CIR at five years (5y-CIR) was 15.3% ± 0.9%. The most frequent site of relapse was BM. The 5y-CI of isolated CNS relapse and combined relapses with CNS involvement was 1.7% ± 0.3% and 1.8% ± 0.3%, respectively. Only one patient with IR risk developed an acute myeloid leukemia as a secondary neoplasm after first CR of 21.6 months.
3.4 Toxicity
Death during induction happened in 36 patients (1.6%), 27 due to infection and nine due to bleeding. Death due to nonrelapse causes after archiving CR happened in 64 patients (2.9%): 21 at early intensification, 14 at consolidation, 10 at delayed intensification, 11 during maintenance and another eight after stem cell transplantation. The cause of remission death was mainly attributed to severe infections (73.4%), and other causes included bleeding and multiple organ failure. Graft-versus-host disease was the main cause of death after transplant.
Septicemia was the major cause of treatment-related mortality, and infective pathogen was identified in 58.8% of these died cases (47/80). The majority were bacterial infections (59.6%), 25.5% were fungal, and 14.9% were viral. Other significant treatment-related toxicities included seizures, pancreatitis, thrombosis and osteonecrosis.
3.5 Comparison of the MRD group and non-MRD group
In the two centers piloting MRD stratification (the MRD group, n = 855), MRD monitoring had upstaged 246 (28.8%) cases from SR to IR, 18 (2.1%) patients from SR to HR, and 19 (2.2%) patients from IR to HR. Consequently, patients in the MRD group could be classified as MRD-SR, MRD-IR, and MRD-HR in 26.0%, 55.1%, and 18.9%, respectively, which was significantly different with that of the non-MRD group (n = 1376, SR: 46.9%, IR: 30.7% and HR: 22.4%, P < .001). Comparing treatment outcome of MRD group and non-MRD group (Supporting Information Figure S3 and Table S4), OS was similar in both groups (86.5% ± 1.2% vs 84.6% ± 1.0%, P = .273), but EFS was significantly better in the MRD group (82.4% ± 1.4% vs 78.3% ± 1.2%, P = .038). The CIR was significantly lower in the MRD group (10.7% ± 1.3% vs 18.0% ± 1.2%, P < .001).

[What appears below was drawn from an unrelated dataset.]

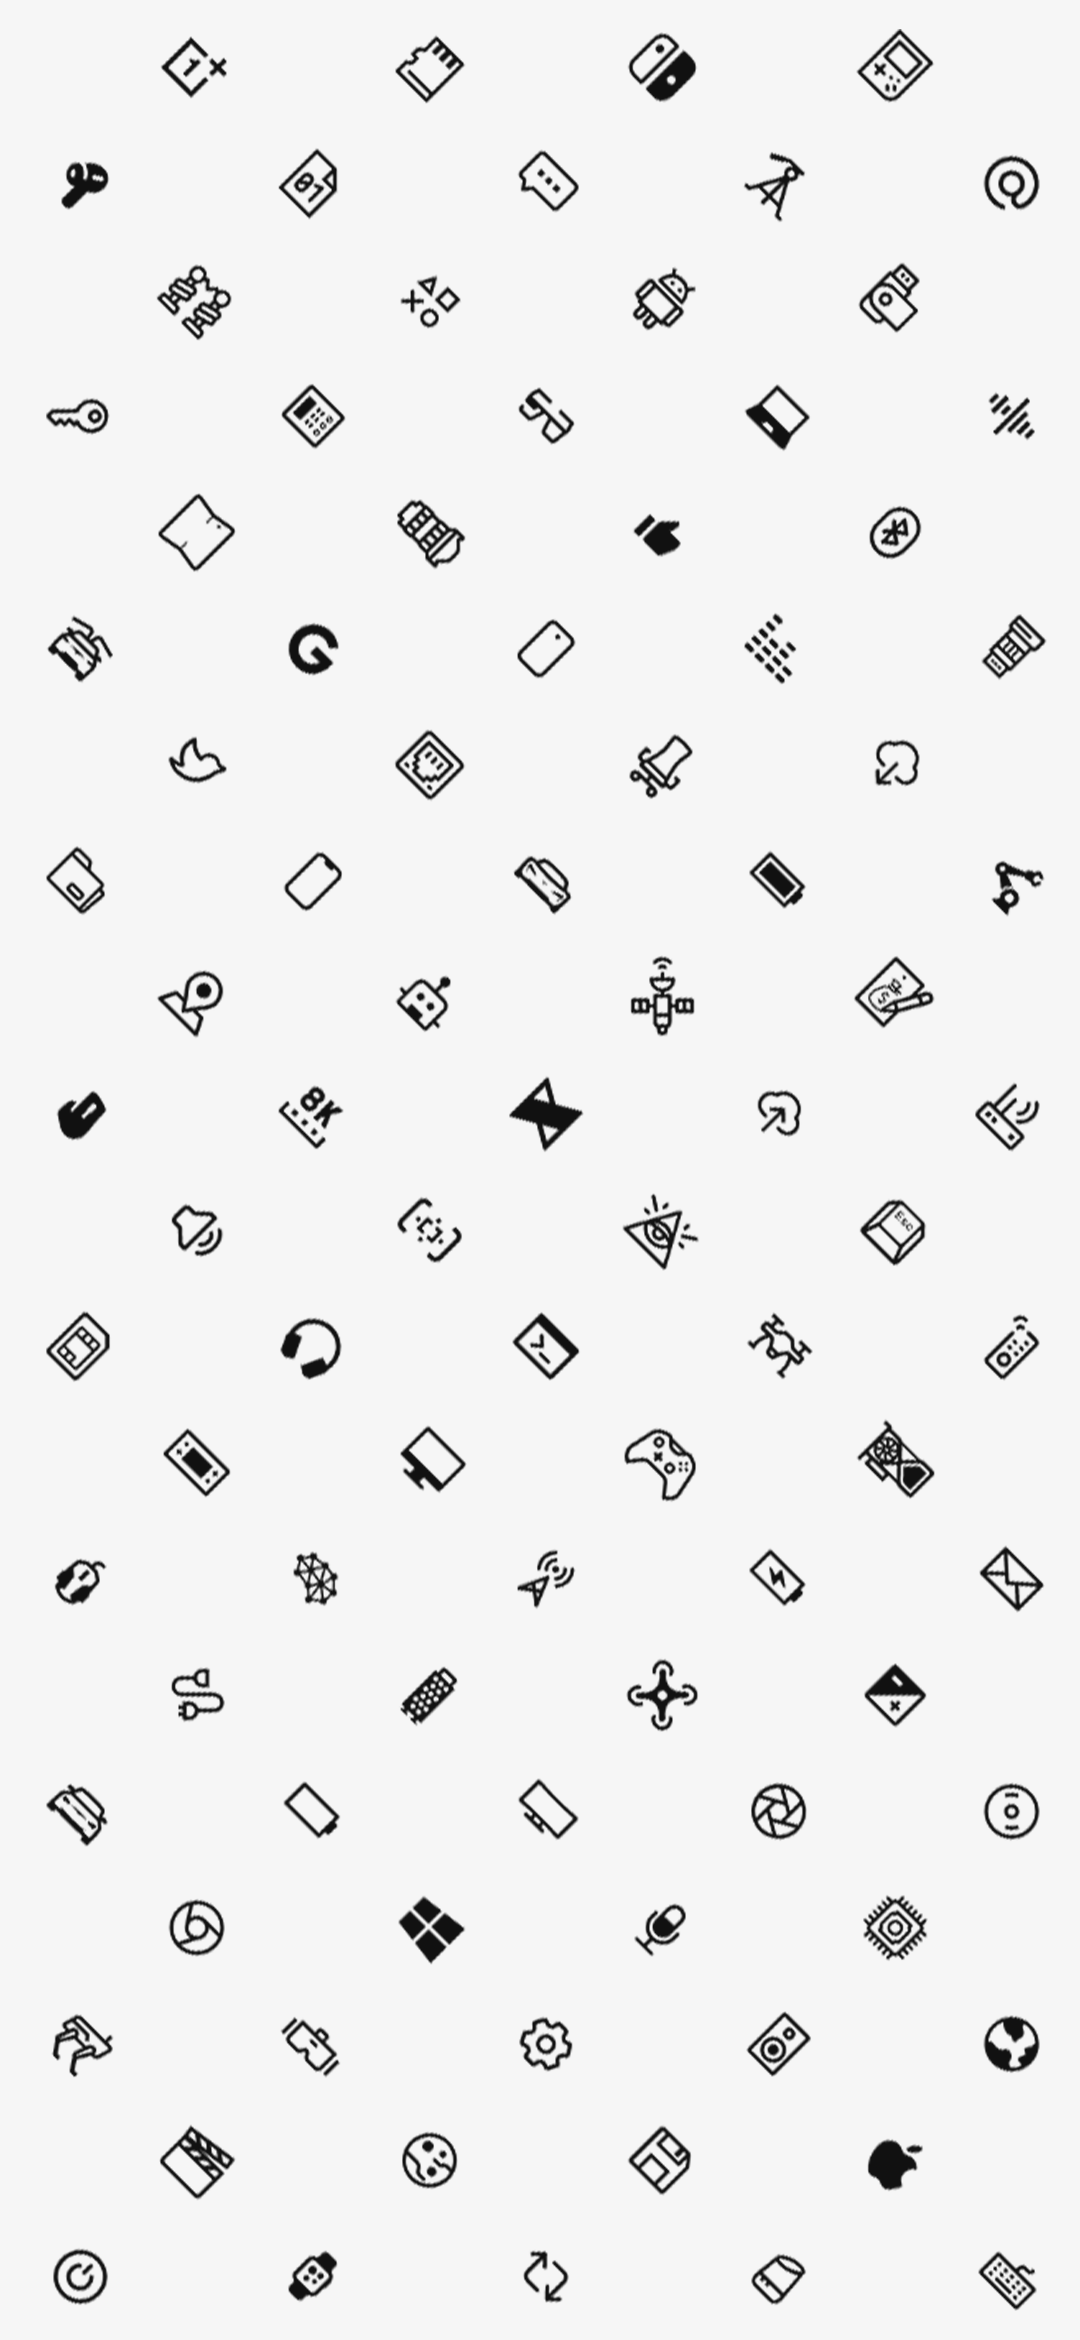 ICONS >> The MKBHD Collection dbrand Wallpaper Free Direct Download Drive Link
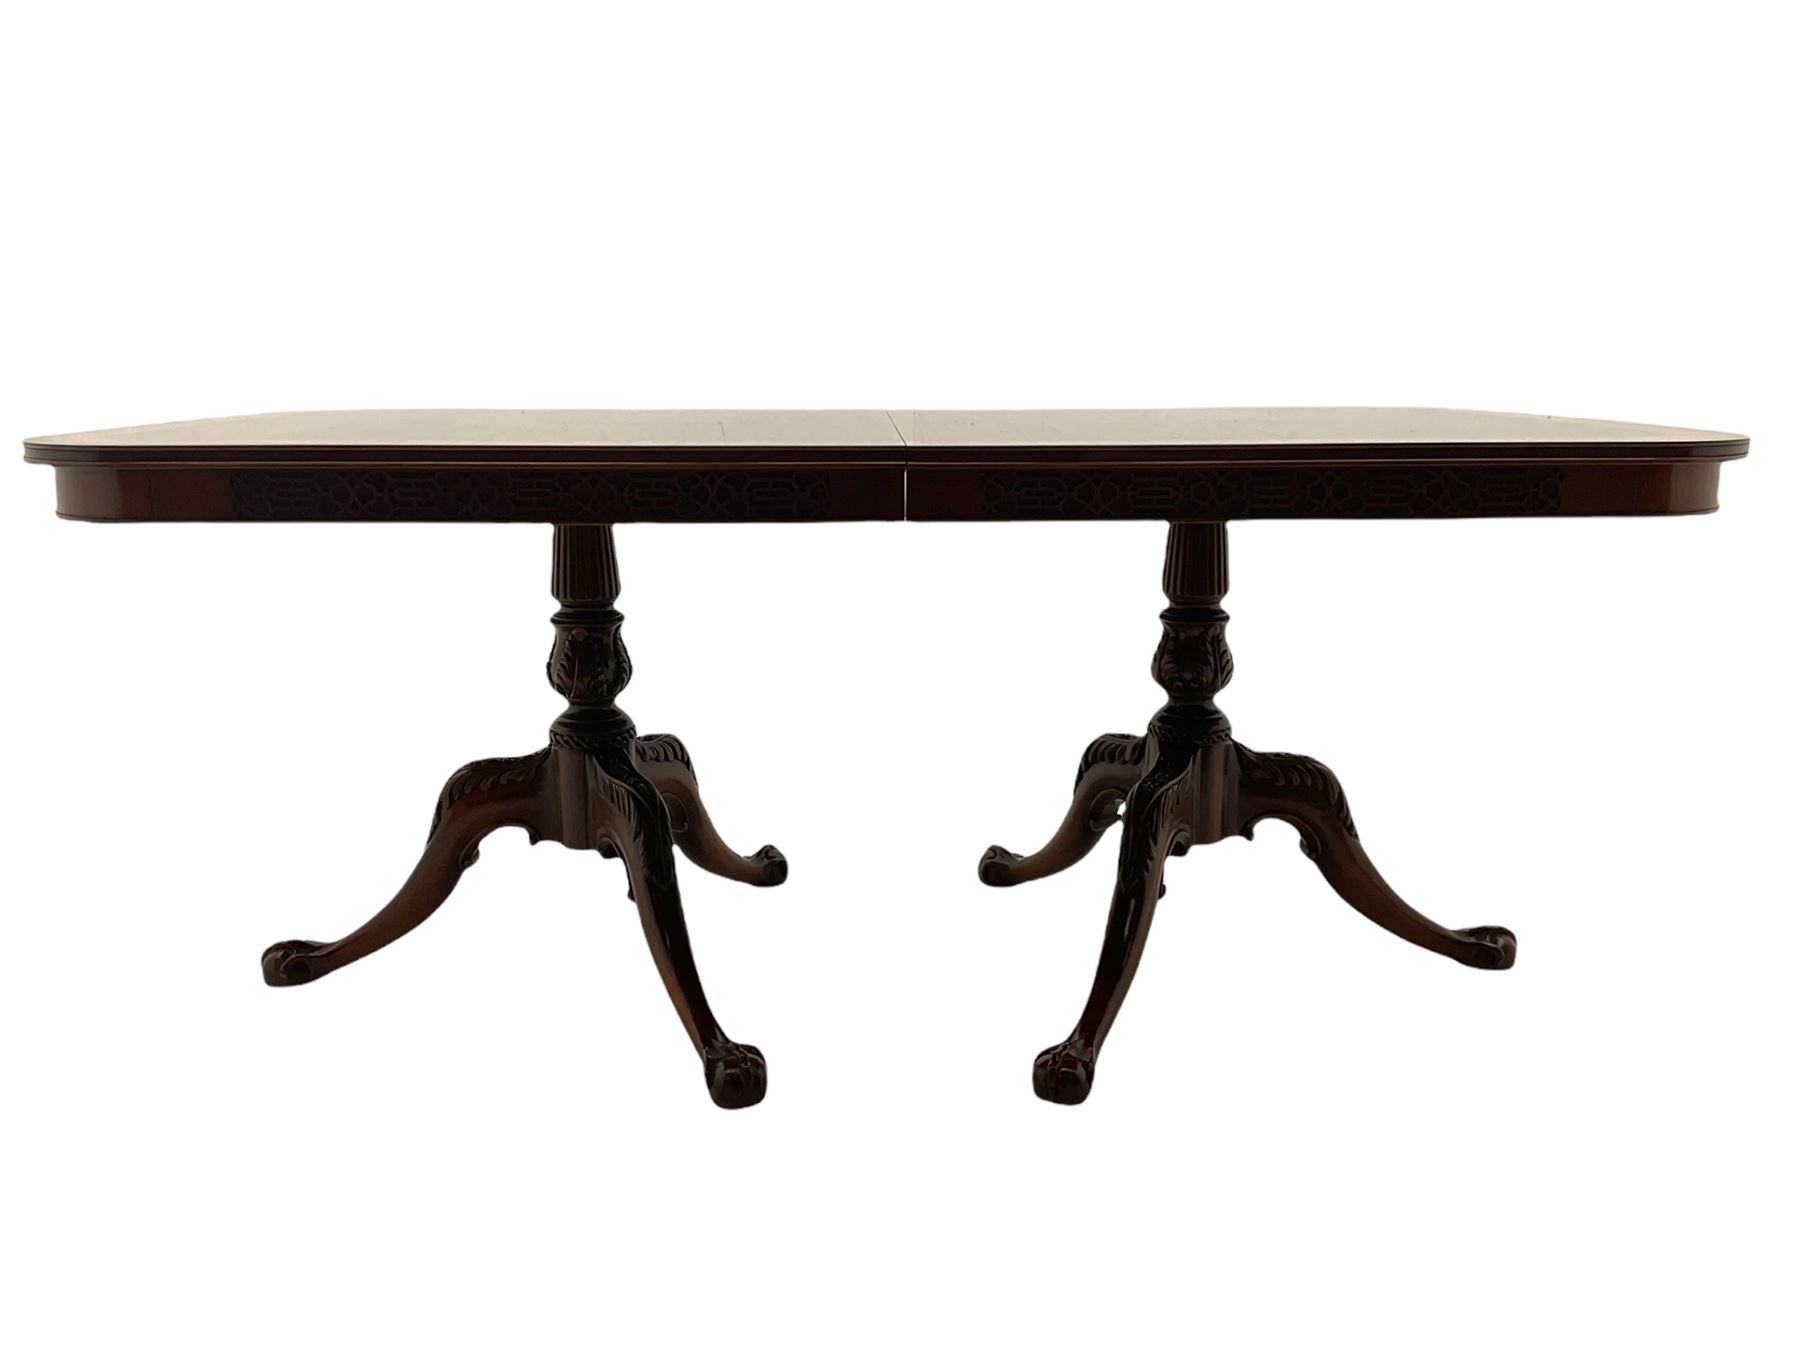 Wade Georgian style mahogany extending dining table with leaf - Image 12 of 27

We observed that the MRD group had more patients with favorable subtypes as compared with non-MRD group (Supporting Information Table S5), namely TEL/AML1 positive, good prednisone responders, non-M3 marrow on Day 15 induction. In multivariate analysis for prognosis (Supporting Information Table S6), sex, age, WBC counts, Immunophenotype, CNS status, BCR-ABL1, TEL-AML1, MLL rearrangement, prednisone response, BM blast on day 15 and 33, as well as the MRD-based classification were used as covariates, all of which reached a P value <0.1 in the respective univariate analysis. Adjusted for these factors, the MRD-based classification remained as an independent prognostic factor for both RFS and EFS.
3.6 HSCT
Forty of 470 HR patients received allogeneic HSCT in the first remission (26 with HLA-identical sibling donor, 11 with haploidentical donor, and two with matched unrelated donor). Stem cell source was BM in 15 cases, cord blood in 15 and peripheral blood in 10. The time interval from diagnosis to transplant was 7.2 months (2.5 - 20.0 months). Eight patients died from transplant-related complications. The SCT group had the trend of better OS (79.7% ± 6.4% vs 66.9% ± 2.5%, P = .170) and EFS (75.0% ± 6.8% vs 58.4% ± 2.7%, P = .065) than the chemotherapy HR group (Supporting Information Figure S4). The CIR in HSCT group was 10.0% ± 2.3%, which was significantly lower than those HR patients treated with chemotherapy (29.7% ± 6.6%, P = .002). Details of randomization for maintenance in SR and IR patients will be reported separately. There was no statistical difference in the outcome of the two arms (Supporting Information Figure S5).
4 DISCUSSION
This was the largest multicenter clinical trial in childhood ALL in China. The previously reported single center studies in China were small size and some of them had incomplete recruitment, mainly due to high treatment cost.20, 21 From mid-2000s, the China government started to implement insurance coverage for children with serious illnesses, and then more families could receive treatment according to standard care.22 With this background, this multicenter study group was established. Six centers could not achieve 100% enrollment, however we did not observe any significant difference in the patients’ demographic features between the high and low recruitment groups, which suggested selection bias as unlikely.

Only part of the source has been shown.